Overall, the novel POC system is a promising method for the sensitive and specific detection of viral pathogens. This system can reduce screening costs and minimize the time required for the diagnosis of viral diseases. Specifically, for PPV and PCV-2, the device can be utilized at the farm level to evaluate the health status of newly purchased animals and to identify PPV- and PCV-2-infected animals before the onset of clinical disease, to support evidence-based disease control strategies.

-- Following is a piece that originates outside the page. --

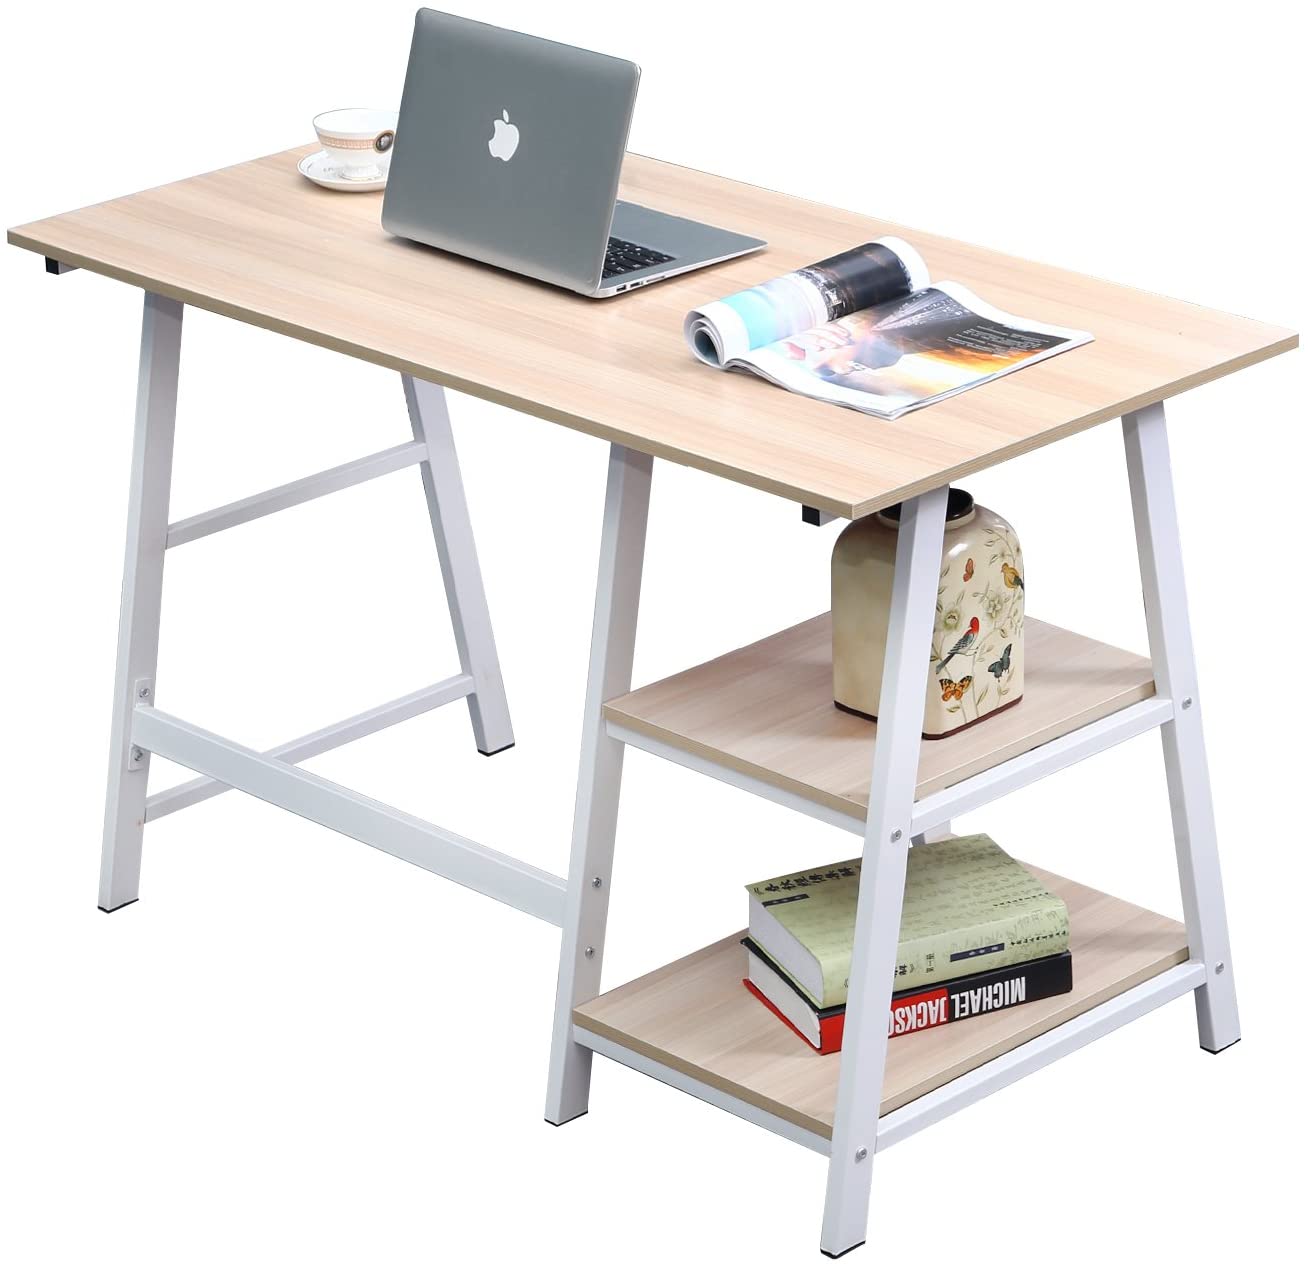 SogesPower 47in Office Desk with Storage for Home Office Student Writing Desk- Beige

Future research should focus on the production and characterization of MREs to widen the panel of detectable diseases, the optimization of small-scale manufacturing methods, and the orientation of antibodies. Finally, research should be done to increase the number of tests and sample types to allow the investigation of system/sensor limitations that were not detected in this study.

5. Conclusions

It is expected that emerging sensing and manufacturing technologies will be integrated into compact devices for reliable and cost-effective POC testing. User-centered devices and tests offer veterinarians and farmers the opportunity to perform rapid, on-field diagnoses and, consequently, to implement evidence-based prevention and control protocols. In this context, the system paves the way for next-generation POC testing by bringing veterinary diagnostics to the crossroads of biology, mechanics, and photonics. The current limitations of the system are expected to be improved with future investments and research, which will increase the TRL of the device. Novel POC technology offers a portable system for the photonic detection of various animal pathogens, extending beyond the limits of swine-relevant diseases by altering the functionalization of PICs and further contributing to the optimization of livestock biosecurity.